Fujimura: For the first time, PMJ (Photomask Japan) is featuring a keynote speaker by Nvidia, followed by two sessions on GPU acceleration. It’s going to have a different look to the conference. But there are many different things that already are taking place. SEM (scanning electron microscope) inspection of masks takes a picture of masks and then does a little simulation and allows the customer to see a wafer-area image out of a mask picture. This is GPU accelerated.

SE: Is the goal to speed up the mask process, or to allow you to do more within the same amount of time?

Fujimura: Both. Being able to do the wafer plane analysis like that is a big advantage. SEM images are always curvilinear. It’s not the CAD shape that you draw that goes into it. It’s what comes out of that, which is curvilinear. In the past, that has been very slow because it was based on CPUs. But with GPU acceleration, it’s very fast. You can see a picture of the mask and what it would look like in wafer production at the same time.

SE: That’s a huge step forward, right?

Fujimura: Yes, and it’s not just accelerating what was done. You have new capabilities. If you’re trying to look at the disposition of a defect—does this piece of dust on the mask matter on the wafer, and does the wafer production even see the dust—that’s a new capability. From a processing standpoint, you don’t have to do it on a separate machine. You can just do that when you’re taking a SEM picture. It speeds up the process.

SE: Where else is GPU acceleration being used?

Fujimura: The NuFlare EBM-9500, which is writing most leading-edge masks today, has a GPU-accelerated mechanism in it. It’s simulating the temperature of every part of the mask as you write these shots. And it adjusts the dose of the VSB shots as it writes by predicting the temperature on the surface rather than measuring it, which is difficult to do. It predicts by simulation what the temperature will be. This is necessary because the machine has 1,200 A/cm². It’s a very strong, sustained current so it heats up the mask.

SE: What does the temperature do to the mask, particularly if it’s too hot?

Fujimura: It’s a resist-coated mask. If the temperature is higher, it gets exposed a little quicker, so the mask critical dimension is going to grow a little bit. That could be 2nm or 4nm, which is too much for the mask world. Every EBM-9500 today uses GPU acceleration. It’s about 350 teraflops of GPU acceleration.

SE: So you’re providing the instant feedback that shows if you do something ‘this way,’ here’s the effect?

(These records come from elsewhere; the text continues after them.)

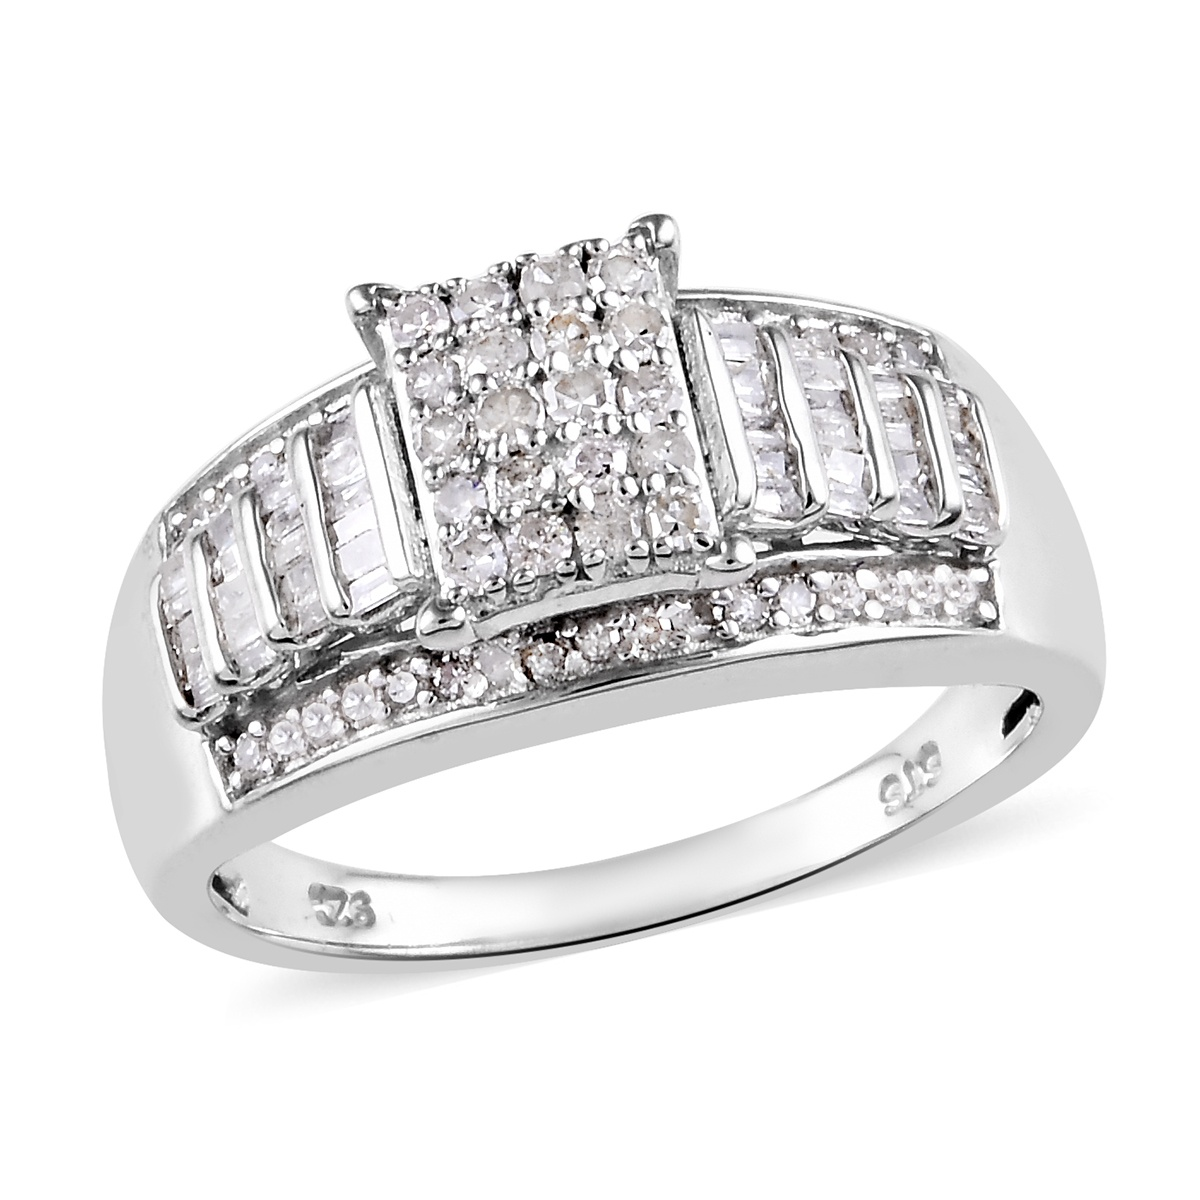 Loretta's Host Pick Diamond Ring in Platinum Over Sterling Silver (Size 5.0) 0.75 ctw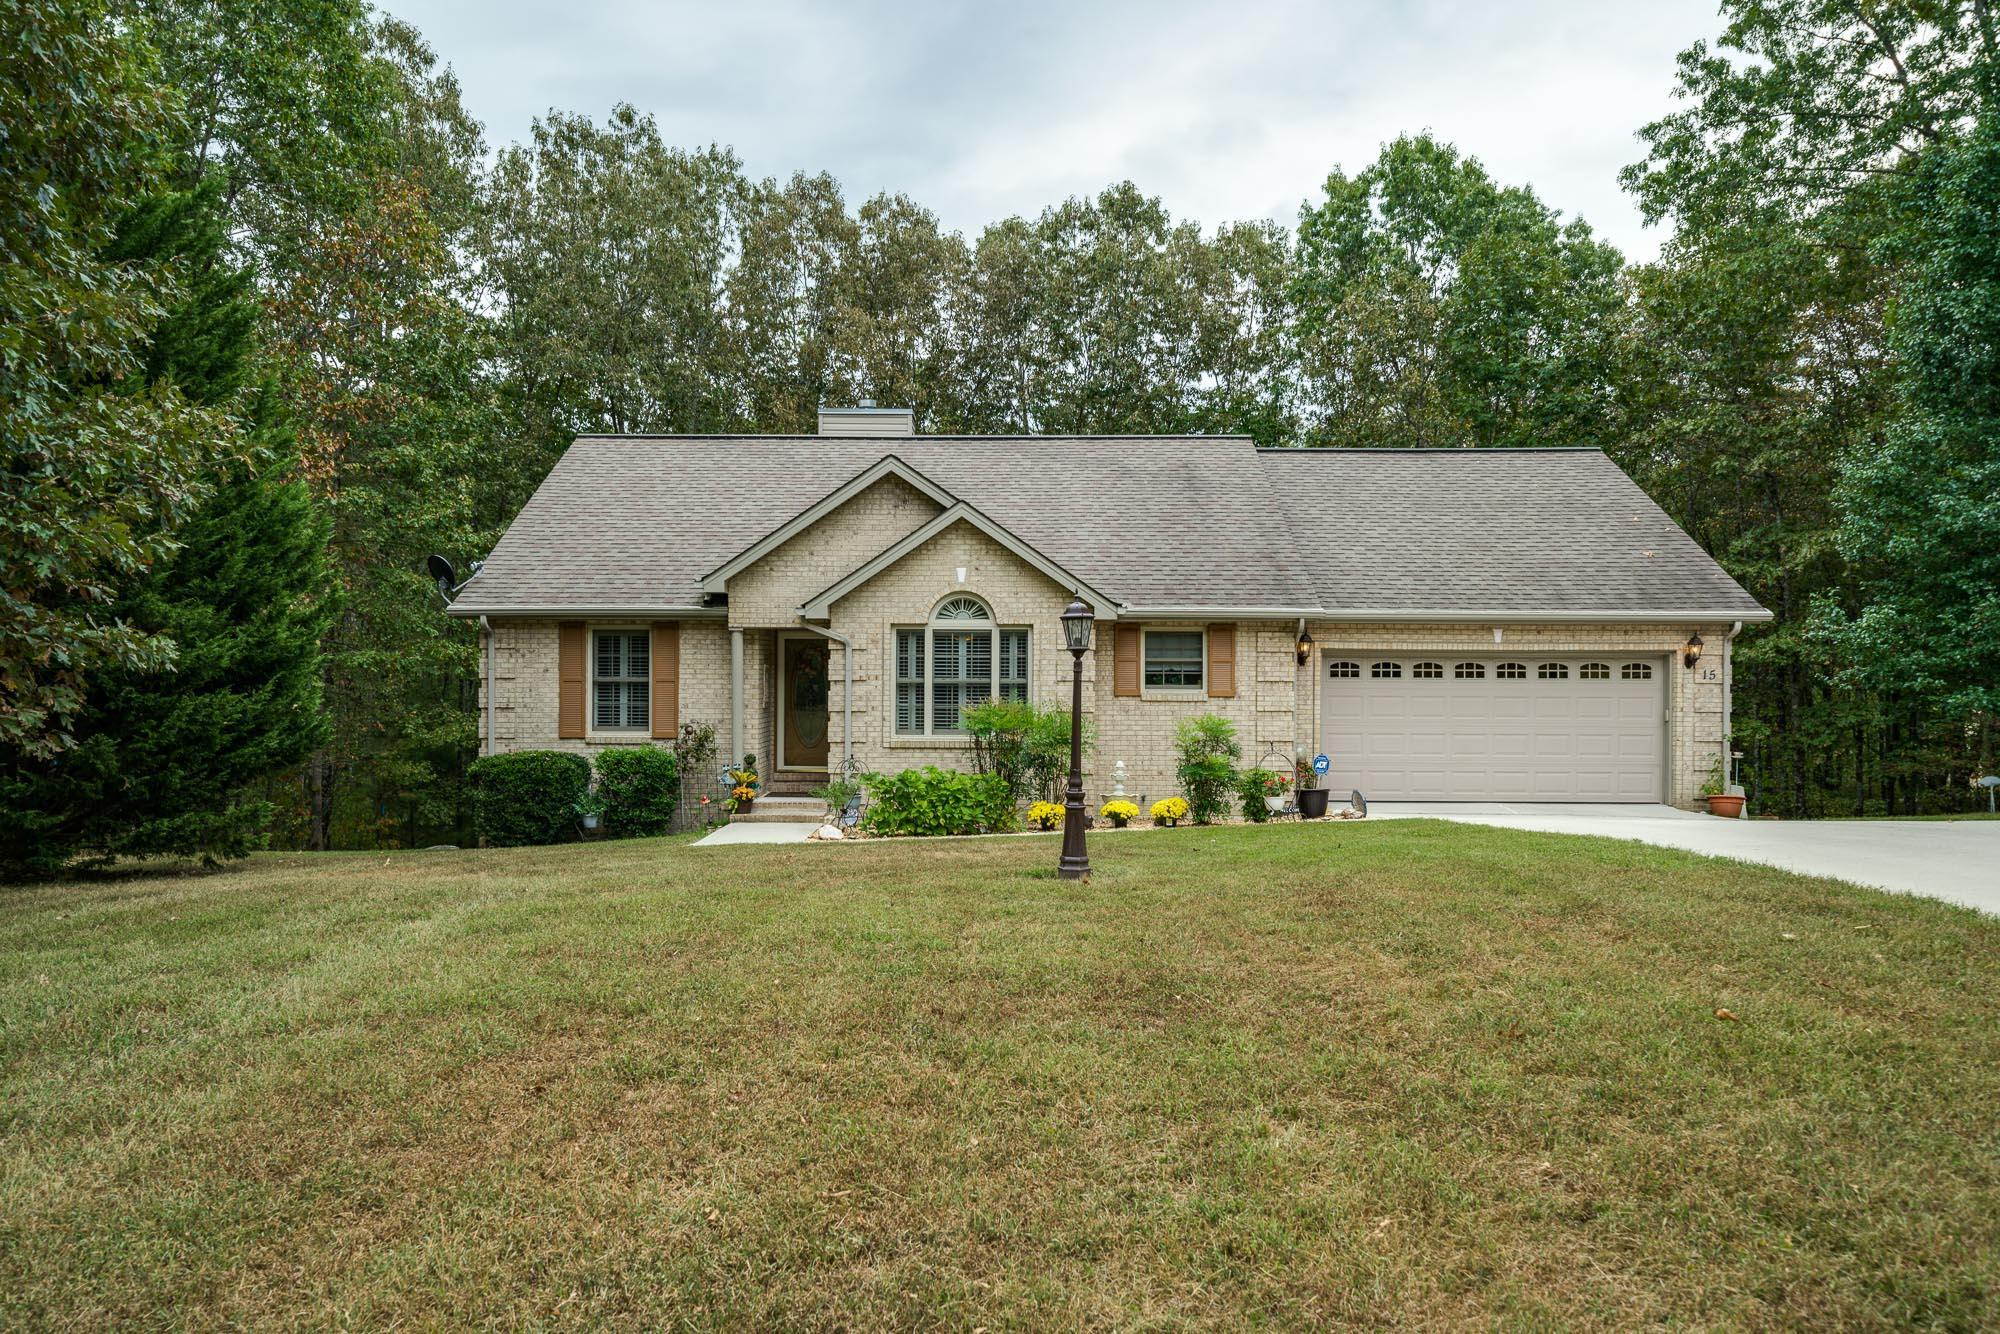 15 Carnoustie Dr, Crossville, TN 38558 - Crossville, TN real estate listing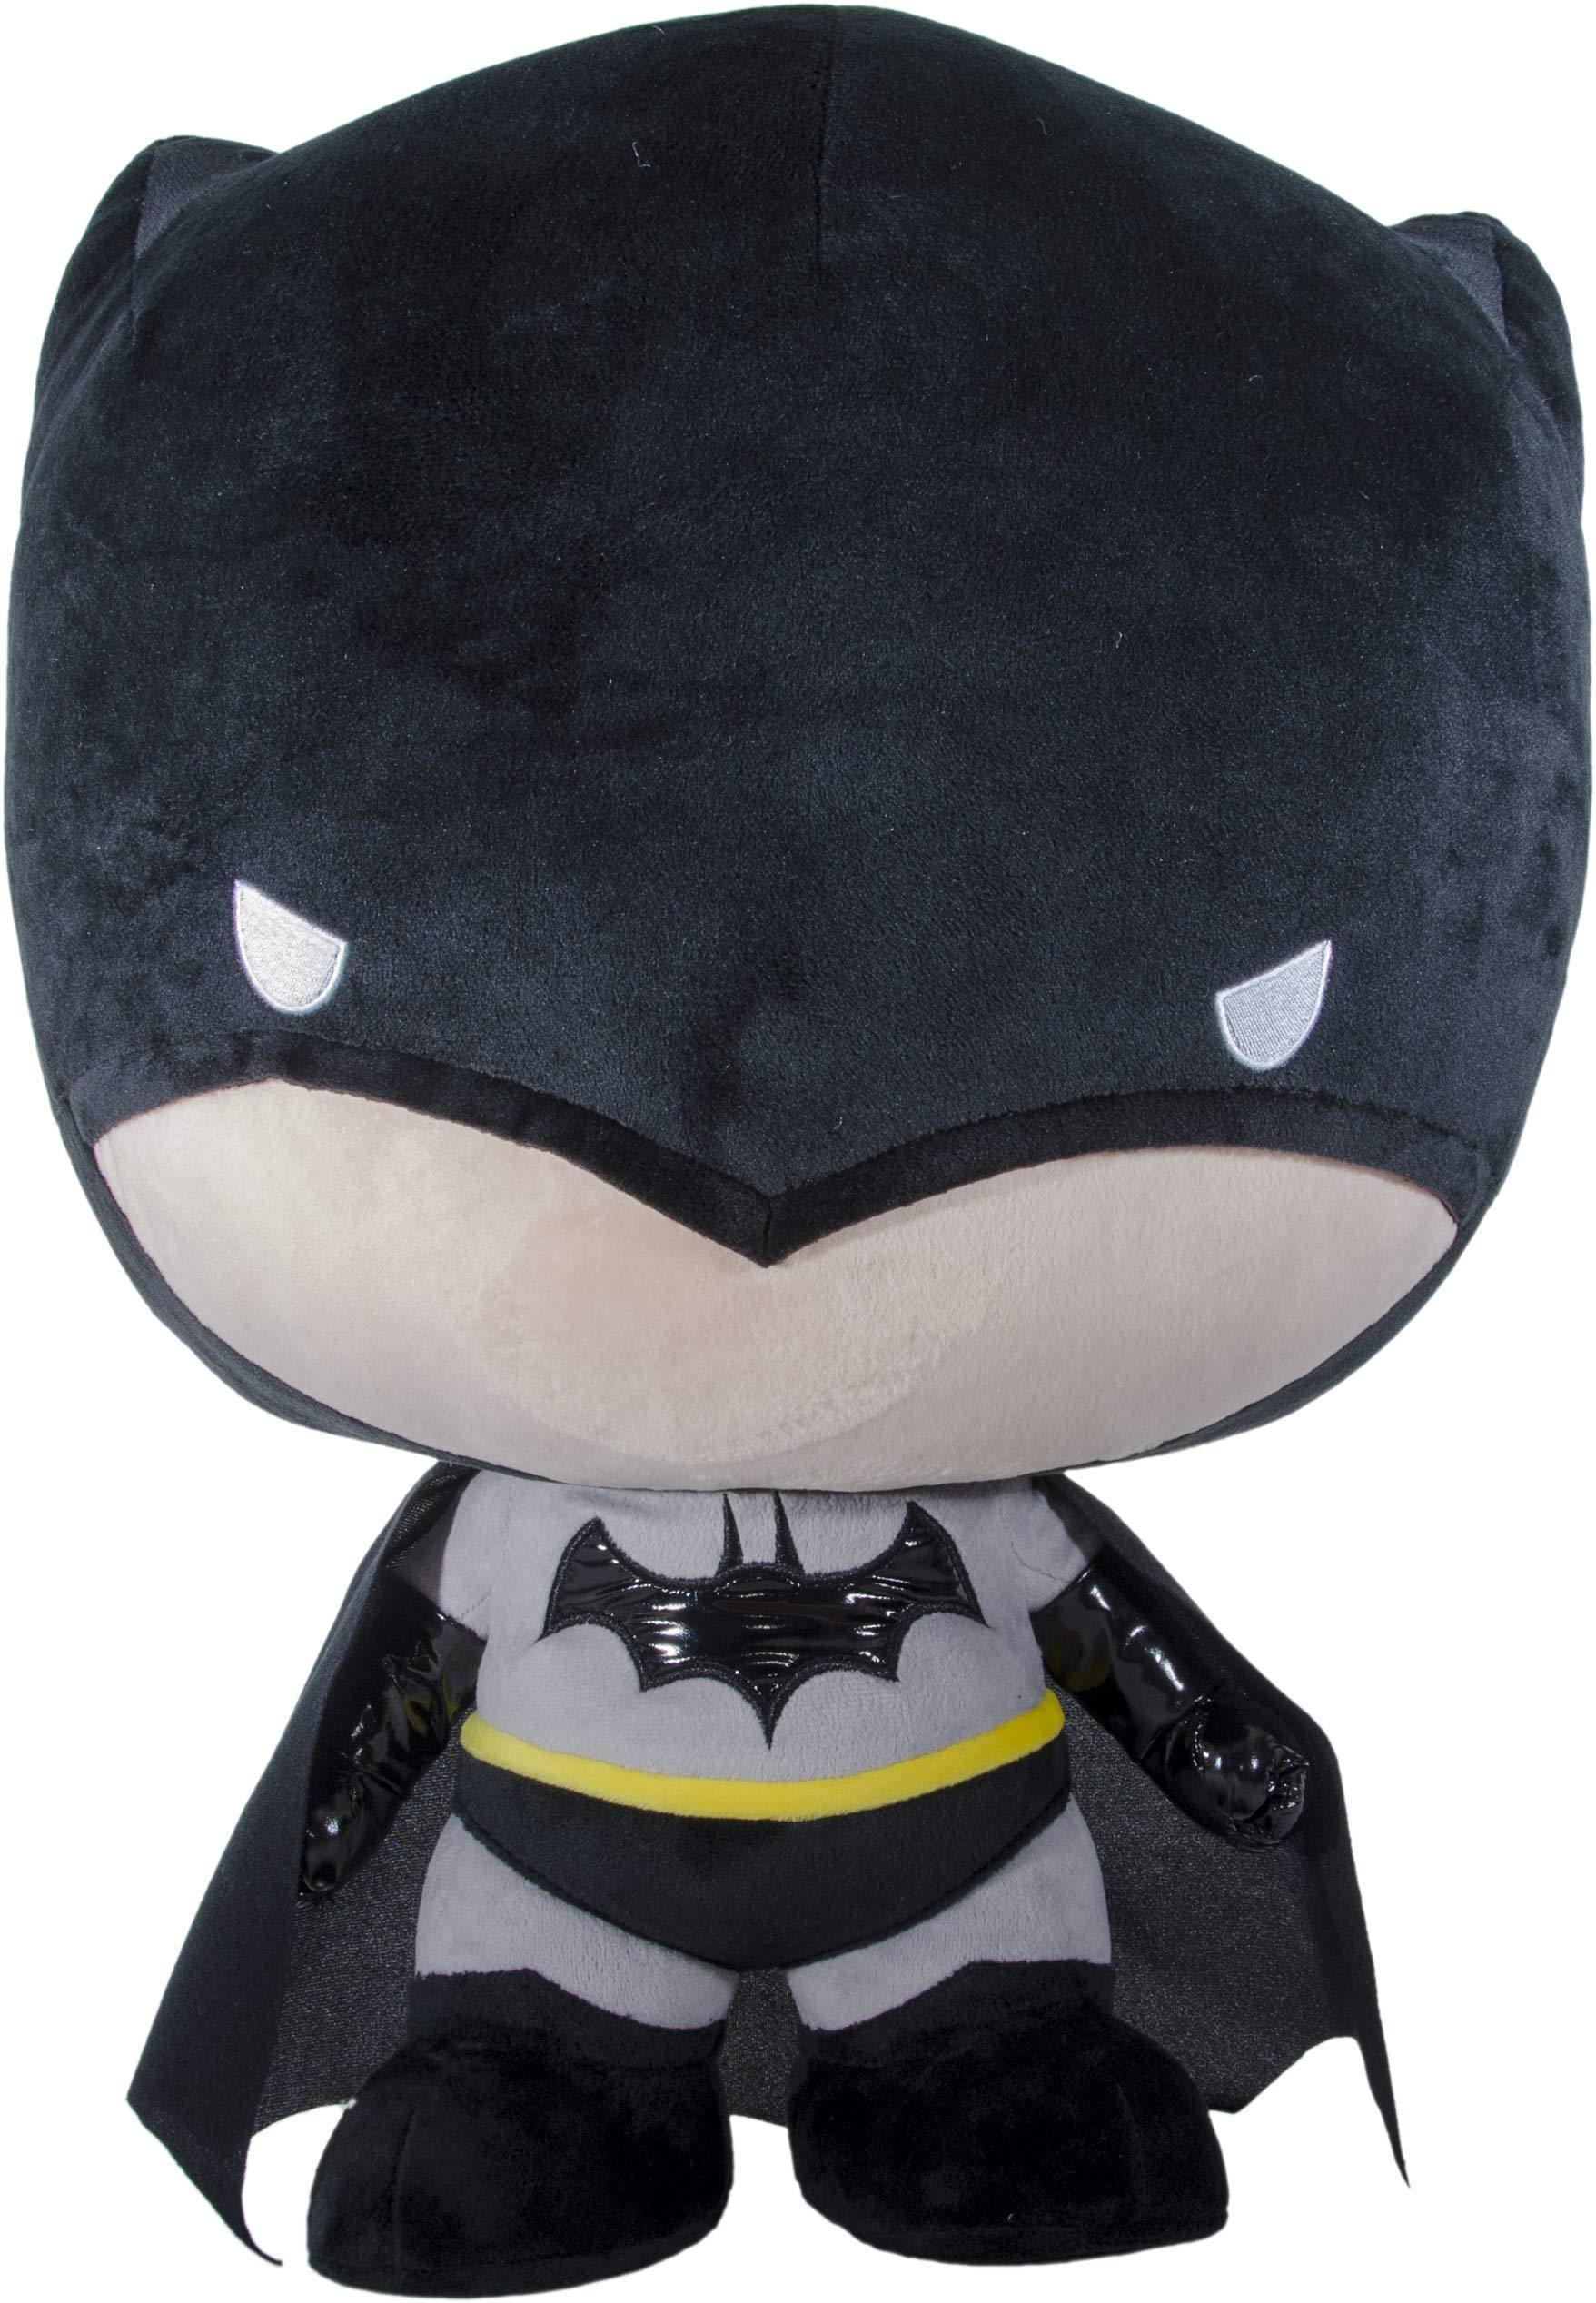 "YuMe Biggables - 36"" Giant Inflatable Plush DC Comics Dark Knight Batman, 19139"

Fujimura: Yes, and it requires close collaboration so it’s harder. But that’s what the industry is evolving to. You need to be able to work together to achieve these kinds of things. This relationship that D2S has with NuFlare is extending to the next step for NuFlare’s multi-beam machine, the MBM-1000. We also are providing the software that will be doing some multi-beam correction.

SE: Drilling down, what is the impact of GPU acceleration?

Fujimura: The only way that multi-beam machines can have the kind of mask correction that it needs is if you use GPU acceleration to solve that. Multi-beam shoots 512 x 512 (262,144) pixels at the same time. Being able to process that in real time is very difficult without the power of GPUs.